We are going to create a the average opponent variable using the mean() and grep()
#create an Empty variable
final$avg_opponent_rate <- NA
for (i in 1:nrow(final)) {
final$avg_opponent_rate[i] <- round(rowMeans(final[i,grep('Pre_Ratings',
colnames(final)):grep("Post_Ratings",colnames(final))], na.rm=TRUE))
}
head(final)
## Pair_Num State Player_Name Pre_Ratings Post_Ratings Number_Plays
## 1 1 ON GARY HUA 1794 1817 2
## 2 2 MI DAKSHESH DARURI 1553 1663 2
## 3 3 MI ADITYA BAJAJ 1384 1640 2
## 4 4 MI PATRICK H 1716 1744 2
## 5 5 MI HANSHI ZUO 1655 1690 2
## 6 6 OH HANSEN SONG 1686 1687 3
## Total_points Player_ID Player_Games1 Player_Games2 Player_Games3
## 1 6.0 15445895 39 21 18
## 2 6.0 14598900 63 58 4
## 3 6.0 14959604 8 61 25
## 4 5.5 12616049 23 28 2
## 5 5.5 14601533 45 37 12
## 6 5.0 15055204 34 29 11
## Player_Games4 Player_Games5 Player_Games6 Player_Games7 Round_1 Round_2
## 1 14 7 12 4 W W
## 2 17 16 20 7 W W
## 3 21 11 13 12 L W
## 4 26 5 19 1 W D
## 5 13 4 14 17 W W
## 6 35 10 27 21 W D
## Round_3 Round_4 Round_5 Round_6 Round_7 avg_opponent_rate
## 1 W W W D D 1806
## 2 L W W W W 1608
## 3 W W W W W 1512
## 4 W W D W D 1730
## 5 D D D W W 1672
## 6 L W D W W 1686
#write.csv(csv.table, file = "Villalobos-tournamentInfo.csv")
write.table(final, file = "warner-tournamentInfo.csv",row.names=FALSE, na="",col.names=TRUE, sep=",")

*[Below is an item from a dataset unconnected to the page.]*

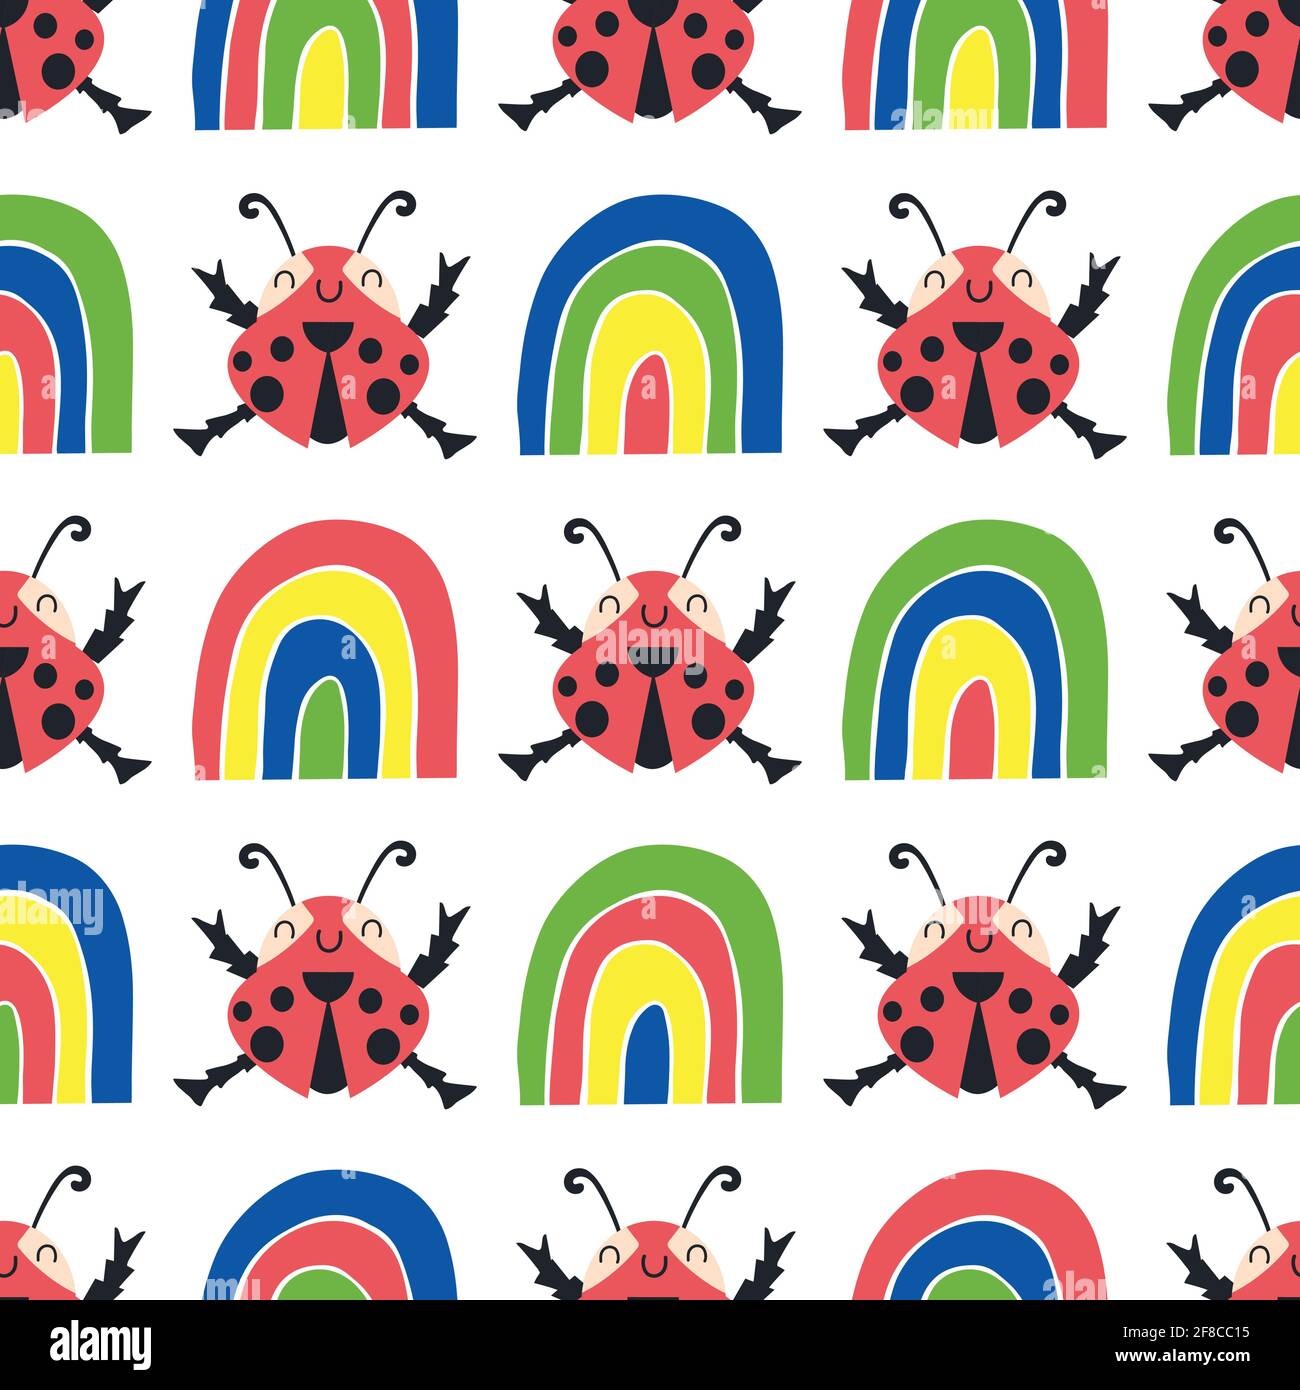 Cute ladybirds and rainbows seamless vector pattern background. Happy dancing ladybugs in childlike drawing style. Geometric design in primary colors Stock Vector

This assignment is like a work assignment. I spent a lot time doing research and learning about different technique to clean the data. I read the data set in R using read.delim() function which give a better layout to clean this data set. This assignment would be possible without the use of Regular expression.